Он только засмеялся.

— А вон, справа, узнаете?

Еще бы не узнать — хабад1, в который я ходил в годы своей жизни в Лос-Анджелесе.

— А помните, как вы привели меня сюда в первый раз?

Я-то помнил этот эпизод во всех подробностях. Первый день после его приезда была пятница. Под вечер мы с женой стали собираться в синагогу. Приглашаем и его. «В синагогу? — говорит — Зачем?». Я говорю: «Суббота». Он еще больше удивляется: «Какая же суббота? Сегодня пятница». А уж когда я ермолку надел, он от смеха чуть на пол не упал. Но в синагогу пошел — из любопытства, а скорее всего, просто нечего было делать. Хасиды встретили его ласково, обнимали, пожимали ему руку, а те, что говорили по-русски, вообще не отходили от него, пока служба не началась. После службы к нам подошел сам реб Шварцкопф и на хорошем русском языке пригласил нас к себе домой на обед. Большая честь: я принял приглашение за всех троих.

Реб Шварцкопф был главой местной общины хасидов. Он пользовался в городе авторитетом и часто ездил в Нью-Йорк на прием к ребе Шнеерсону, всемирному главе любавичских хасидов — хабадников. Надо отметить, что Шварцкопф был человек культурный, образованный, знал несколько языков. Про него рассказывали, что в свое время он учился с ребе Шнеерсоном в Сорбонне. Так ли это, не знаю, но по-французски он говорил, это факт. Его успеху за пределами хасидской общины несомненно способствовали хорошие манеры и яркая, необычная внешность. Словно в насмешку над своей фамилией был он бронзово-рыжим с пронзительно синими глазами.

Жил он неподалеку от синагоги в просторном двухэтажном доме. Нас проводили в столовую. За длинным столом сидели человек двадцать — одни мужчины. Когда любезный хозяин стал нас рассаживать, моя жена смутилась — как же так, где же другие женщины? Где хозяйка? Реб Шварцкопф, не переставая улыбаться, разъяснил, что по старому обычаю, который соблюдают в хасидских домах, мужчины и женщины обедают раздельно. Но поскольку его уважаемая гостья не воспитывалась в хасидских традициях, ее приглашают за стол с мужчинами, если только, конечно, она сама не предпочитает… «Да, я бы предпочла быть там, где остальные женщины», — сказала Ольга, и была препровождена в соседнюю комнату.

В вопросах еврейской религии и традиций я был осведомлен больше Толика, хоть и ненамного. Но на таком обеде присутствовал впервые. Всё было интересно, я смотрел во все глаза и, признаться, чувствовал себя как бы в этнографическом музее. «Посмотрите, вот так много лет назад наши предки…».

Сначала молились, потом мыли руки из кувшина с двумя ручками и снова молились, потом приступили к еде. На закуску была подана фаршированная рыба, паштет, запеканки и соленые огурцы; главным блюдом было куриное жаркое. Но самое большое впечатление произвели три огромные, на половину галлона каждая, бутыли водки, которую все присутствующие пили из граненых стаканов.
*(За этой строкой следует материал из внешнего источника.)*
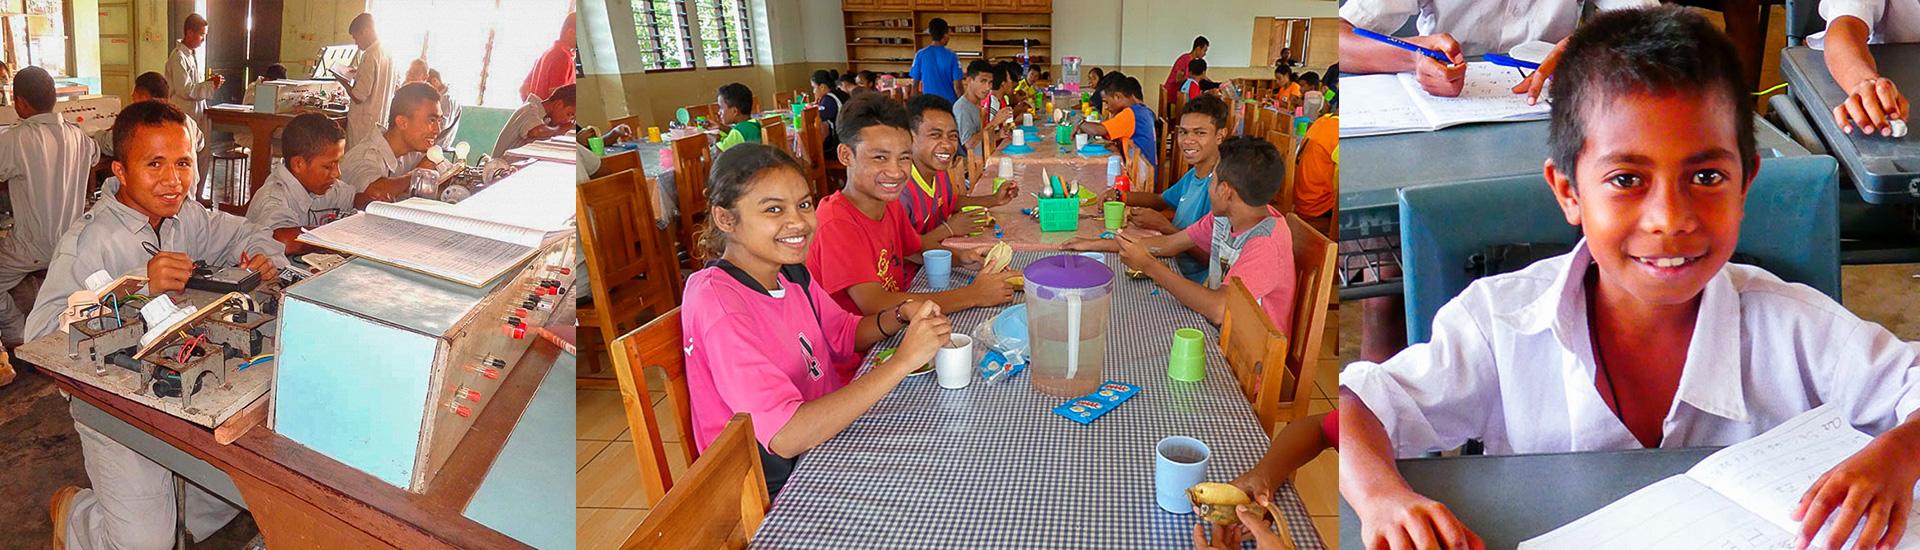 La educación salesiana en Timor Oriental: jóvenes bien formados y con trabajo

— Водка позволяет душе освободиться от забот и подняться к Высшему. Так говорит наш Ребе, — сказал Шварцкопф, сказал совершенно серьезно, без улыбки, и взглянул на большой портрет Шнеерсона, висевший над его головой. Хасиды, галдевшие до того на нескольких языках — кто на идиш, кто по-английски, кто по-русски — стихли как по команде и повернули головы к Шварцкопфу. Тот не спеша снял шляпу, под которой оказалась расшитая серебром черная ермолка, откинулся назад, зажмурил глаза и запел высоким, чистым, хватающим за душу голосом:

«Не боюсь я никого
и не верю никому.
Только Б-гу одному.

И все присутствовавшие подхватили:

«Нет, нет, никого,
не боюсь я никого,
кроме Б-га одного».

Я сразу узнал мелодию — старинная русская плясовая. Все пели по-русски, даже те, кто русского языка не знал. Пели неистово, с нарастающей страстью. Каждый такт сопровождался тяжелым ударом кулака по столу. «Нет, нет, никого» — бах-бах-бах-бах! Лица раскраснелись, на лбах выступила испарина. Слово «Бог» они произносили нечетко, — как я понял, чтобы не поминать всуе Святое Имя.

«Не боюсь я никого,
кроме Б-га одного».

Я видел, что происходящее захватило Толика. Он раскраснелся, напрягся и пел со всеми, отбивая такт кулаком. И вдруг хасиды поднялись со своих мест и, продолжая петь, воздели руки и закружились в танце:

«Нет, нет никого,
кроме Б-га одного.
Ай-ай-ай айайай ай ай»

— повторяли они снова и снова, отбивая такт тяжелыми ступнями. Поднялся со стула и реб Шварцкопф, и Толик вслед за ним. Меня тоже подняла какая-то неведомая мне ранее сила, я закружился и затопал, первый раз в жизни забыв о том, как нелепо я выгляжу в танце.

«Нет, нет, никого,
кроме Б-га одного».

Лица танцующих были серьезные, сосредоточенные, движения тяжелые. Каждый их жест, каждый удар каблука в пол возглашал: есть, есть над нами Высшая Сила, Элоhей, пронизывающая весь мир, ха-Олам, и нет, нет никого, кроме этой Силы. От нее исходит правда, которой единственно мы и должны верить. И только благодаря Высшей силе в мире существует свет и тьма, правда и неправда, земля и небо, кошер и трейф, добро и зло.

«Нет, нет никого,
кроме Б-га одного».

в десятый, или двадцатый, или сотый раз… В конце концов я выбился из сил и повалился на диван. Постепенно один за одним хасиды выбывали из танца и в изнеможении опускались кто на стул, кто на диван, кто прямо на пол. Дольше всех продержался Толик — он был моложе и крепче остальных.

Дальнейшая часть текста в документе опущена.